- YOUR TASK
Starting from the line with "#InSolidarityWithPalestine", please copy exactly every line to the end of the listing, but not the pictures.

[Opening DATA FOR THIS EXERCISE section]

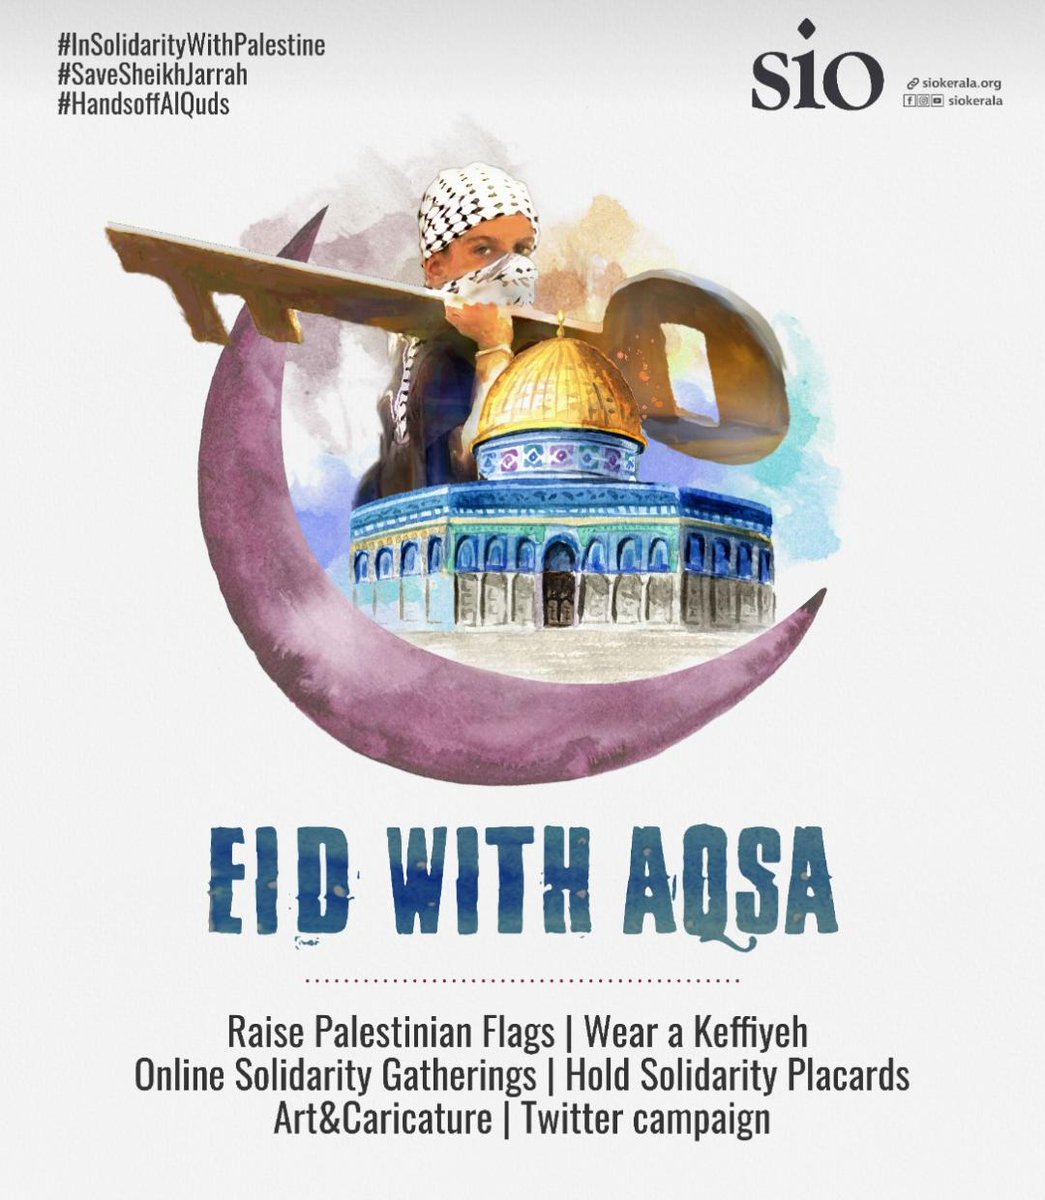 #Eid with #Aqsa 
Raise #Palestinian  Flags
Wear a Keffiyeh
Hold Solidarity Placards
Art & Caricature
Twitter Campaign

#IndiaStandsWithPalestine
#LongLivePalestine 
#InSolidarityWithPalestine 
#AllahuAkbar
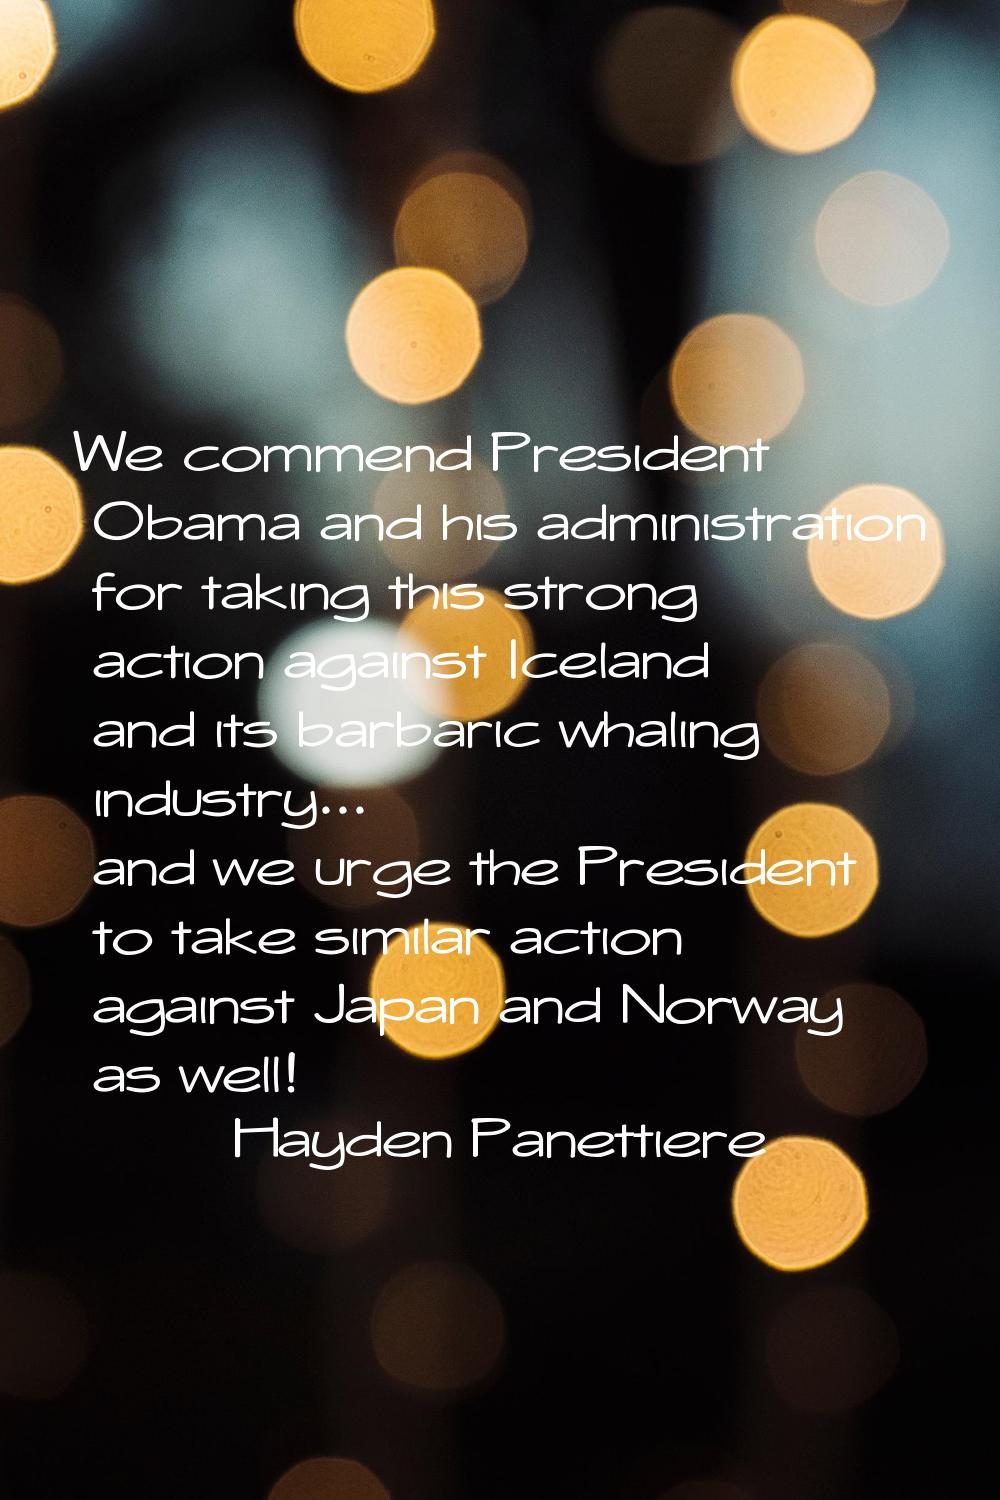 We commend President Obama and his administration for taking this strong action against Iceland and

[Closing DATA FOR THIS EXERCISE section]

- ANSWER TO THIS EXERCISE
#InSolidarityWithPalestine 
#AllahuAkbar
 We commend President Obama and his administration for taking this strong action against Iceland and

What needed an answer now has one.